La Cour suprême américaine a autorisé la reprise des projets de suppression d’emplois dans l’administration fédérale, en annulant ce mardi une mesure qui gelait temporairement ces restructurations. Cette décision intervient après une suspension prononcée en mai par un tribunal de première instance, qui estimait nécessaire l’approbation préalable du Congrès pour de telles mesures.

Bien que la haute cour n’ait pas statué sur la légalité des plans de licenciements eux-mêmes, elle a jugé que le décret présidentiel du 11 février, ordonnant aux agences fédérales de préparer des réductions d’effectifs, respectait le cadre légal en vigueur. La magistrate Sonia Sotomayor, rejointe par la majorité des neuf juges, a précisé que cette décision ne préjugeait pas des futures contestations sur la mise en œuvre concrète de ces réorganisations.
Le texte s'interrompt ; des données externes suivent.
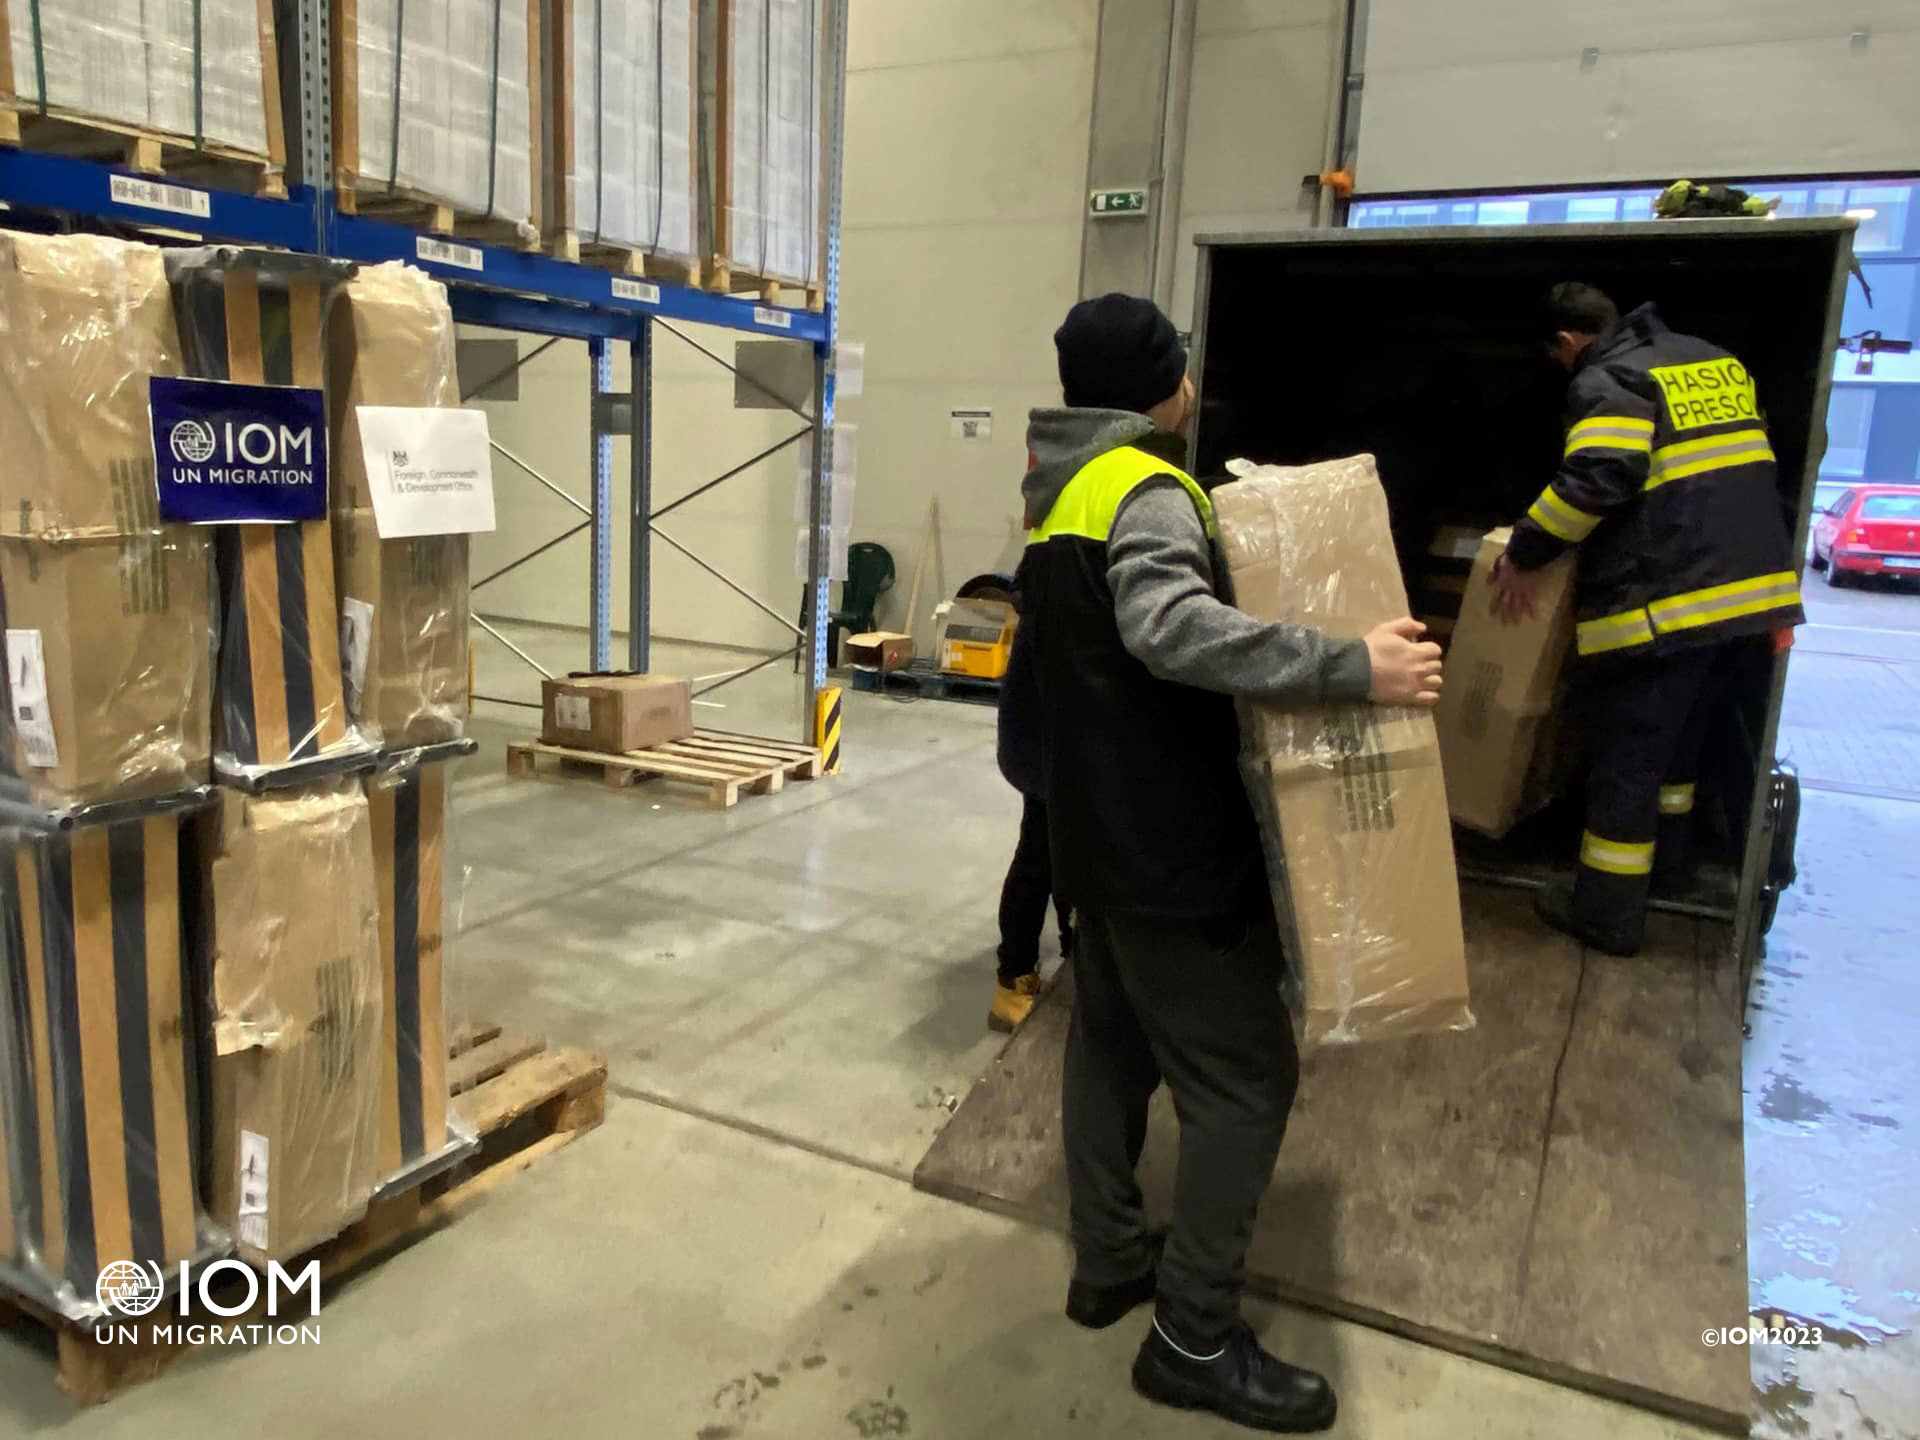 Volunteer Firefighters from Presov taking over IOM delivery of folding beds. Photo © International Organization for Migration (IOM) 2023.

Les opposants à cette politique dénoncent une dérive autoritaire. La juge progressiste Ketanji Brown Jackson, en désaccord avec la majorité, a critiqué une décision permettant à l’exécutif d’agir sans contraintes suffisantes. Elle rappelle que si le président dispose d’une marge de manœuvre pour réformer l’administration, une restructuration profonde ne peut se faire sans l’aval du législatif.

Cette bataille judiciaire s’inscrit dans un contexte plus large de tensions entre la Maison Blanche et la fonction publique. Dès son retour au pouvoir, l’ancien président a relancé sa croisade contre ce qu’il considère comme une bureaucratie pléthorique, s’appuyant sur des coupes budgétaires radicales. Les syndicats, emmenés par l’AFGE, contestent ces mesures, arguant qu’elles violent la séparation des pouvoirs en court-circuitant le rôle du Congrès.

Les prochains mois s’annoncent mouvementés, avec des recours juridiques attendus sur chaque étape de ces restructurations. Si la Cour suprême a levé un premier obstacle, le débat sur les limites du pouvoir présidentiel en matière de gestion des effectifs publics est loin d’être clos.